Netflix reported its second-quarter earnings today, and during its conference call, CEO Reed Hastings beat the same drum he did during this year’s first-quarter call: kiosks and streams. Netflix continued on its anti-recession roll in the latest 3-month period, beating analysts’ average profit expectations. By the […]

Netflix reported its second-quarter earnings today, and during its conference call, CEO Reed Hastings beat the same drum he did during this year’s first-quarter call: kiosks and streams.

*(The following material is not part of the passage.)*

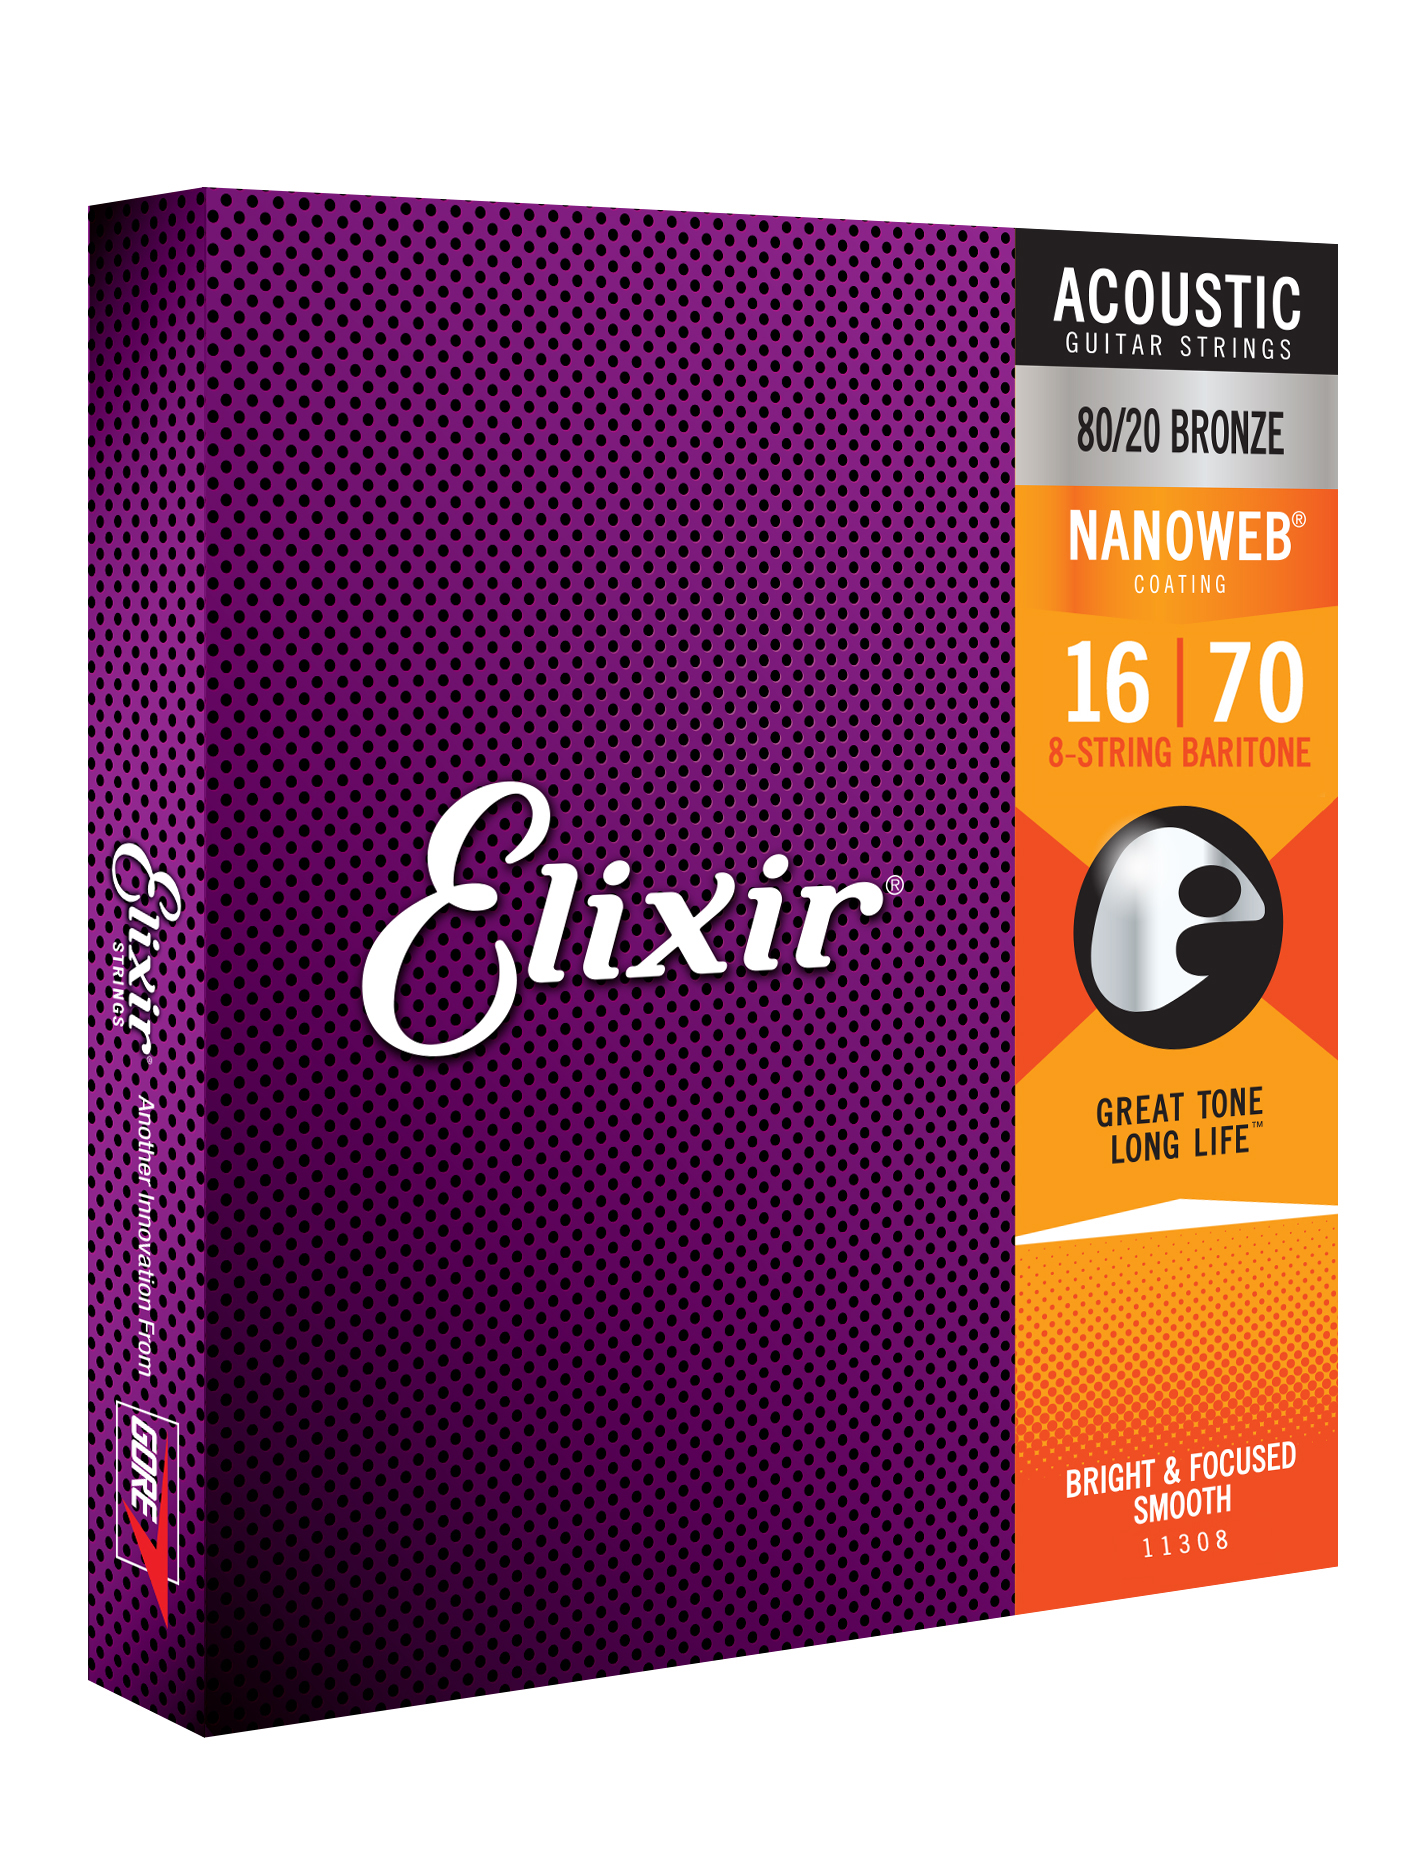 Elixir 11308 8-string Nanoweb 80/20 Bronze Acoustic Guitar 8c Baritone 16-70 - Westerngitaarsnaren - Variation 1

Netflix continued on its anti-recession roll in the latest 3-month period, beating analysts’ average profit expectations. By the numbers, Netflix subscriptions were up, with 10.6 million total subscribers at the end of the quarter, representing 26 percent year-over-year growth from 8.4 million over the same period last year, and a 3 percent bump over the first quarter of this year. Netflix added more than 1.9 million gross subscribers during this latest quarter, which was 40 percent above last year, but a 20 percent dip from the first quarter.

Revenue for the second quarter was $408.5 million, which was 21 percent growth over the same time last year, and a 4 percent increase from the first quarter of this year.

During the Q&A, Hastings didn’t provide any real juicy tidbits, but here are some highlights:

REDBOX:
While he didn’t come out and say Redbox was the company’s top competitor like he did last quarter, Hastings noted that both Netflix and Redbox were growing while video stores were on the decline. He did say that Netflix has no interest in getting into the kiosk rental business.

STREAMING ONLY SUBSCRIPTION:
No streaming-only plans yet, and content appears to be part of the reason. Said Hastings, “When we talk to subs about streaming only, they want a lot of content,” and Netflix just doesn’t have the library to provide that yet. He said that the title count hasn’t grown much for the streaming service, but he was more interested in getting the right titles rather than just a lot of them. Spending more on content licensing for streaming is still a priority for the company.

Netflix has noticed more people going towards lower-priced plans, but wasn’t sure if this was attributable to streaming or the economy. Additionally, the number of people “trading down” their subscriptions has been counterbalanced by the number of people who trade up.

EPIX:
As we noted earlier this morning, subscriptions are becoming a popular business model for video content. Epix is the new pay TV/broadband channel from Paramount Lions Gate and MGM. Hastings pointed out that little is known about Epix, but that Starz used to have the standalone Vongo broadband service, and ditched it in favor of providing its content to partners like Netflix.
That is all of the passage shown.